Réveillon de la Saint-Sylvestre

Au cours du réveillon, j'ai appris que se tenait à des dates variables une messe de rentrée du barreau dans toutes les grandes villes de France. A Paris, elle a lieu à la Sainte-Chapelle, vers six heures du soir, après le départ des touristes. A Lyon, la chorale qui l'accompagne semble de haute tenue. Je dois avouer que cette tradition me laisse ravie et stupéfaite (j'en connais un que je vais pouvoir taquiner).

L'avocate à table ce soir-là ne connaît que deux occurences d'"irrépétible" dans la langue française. Ne connaissant pas ce mot, je m'en fais expliquer le sens. Je copie/colle la définition trouvée sur internet: «adjectif qui qualifie les frais versés par la partie qui a gagné le procès à son avocat , et qui ne sont pas incluses dans les dépens. A la demande de la partie gagnante, ces frais irrépétibles peuvent faire l'objet d'une appréciation du tribunal et s'ajouter aux condamnations principales et aux dépens mis à la charge de la partie perdante.»
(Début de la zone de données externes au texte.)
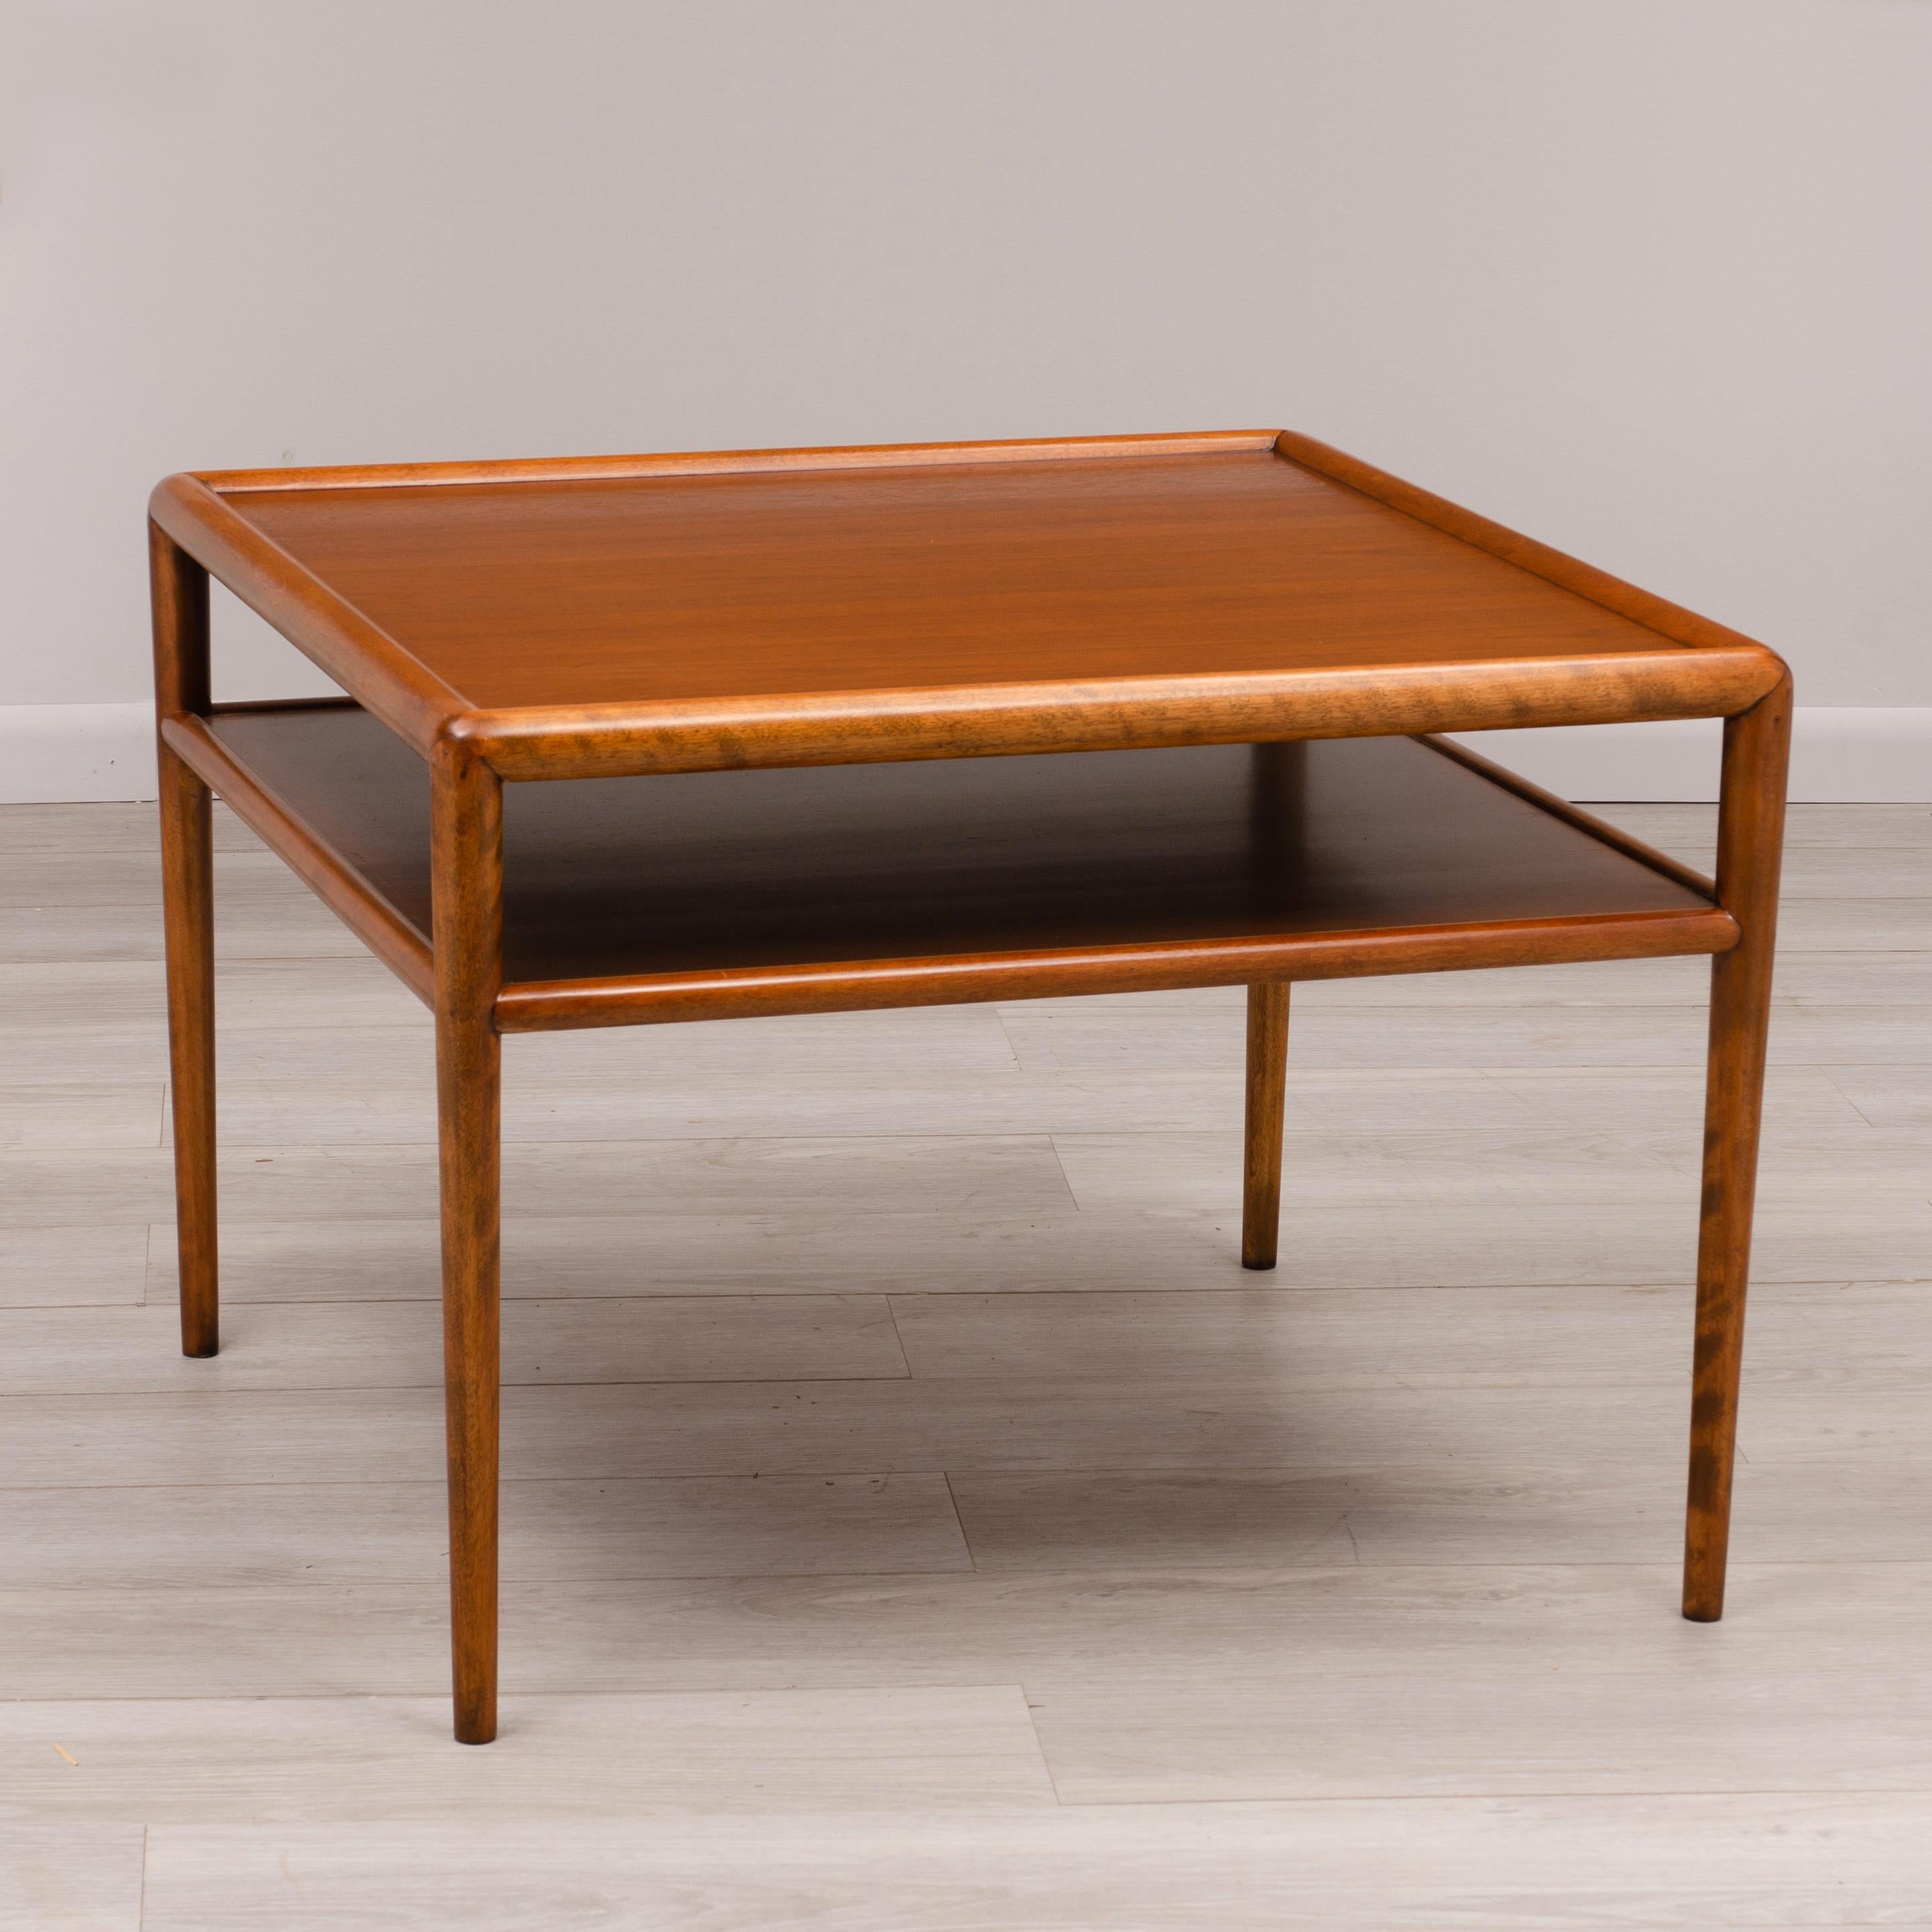 A Mid-Century Modern mahogany two tiered table designed by T. H. Robsjohn-Gibbings for Widdicomb. Made in July of 1953.

Mon amie ne connaît donc que deux occurrences de ce mot: une dans l'article 700, l'autre dans la dernière phrase de Cent ans de solitude. Comme je connais cette phrase par cœur («aux lignées condamnées à cent ans de solitude, il n'est pas donné de seconde chance»), je me permets de douter. On m'apporte donc le livre. La phrase est beaucoup plus longue que dans mon souvenir, avec je ne sais quoi de borgésien que je ne pouvais percevoir quand je l'ai lue (1985) puisque je ne connaissais pas Borgès :
Mais avant d'arriver au vers final, il avait déjà compris qu'il ne sortirait jamais de cette chambre, car il était dit que la cité des miroirs (ou des mirages) serait rasée par le vent et bannie de la mémoire des hommes à l'instant où Aureliano Babilonia achèverait de déchiffrer les parchemins, et que tout ce qui y était écrit demeurait depuis toujours et resterait à jamais irrépétible, car aux lignées condamnées à cent ans de solitudes, il n'était pas donné sur terre de seconde chance.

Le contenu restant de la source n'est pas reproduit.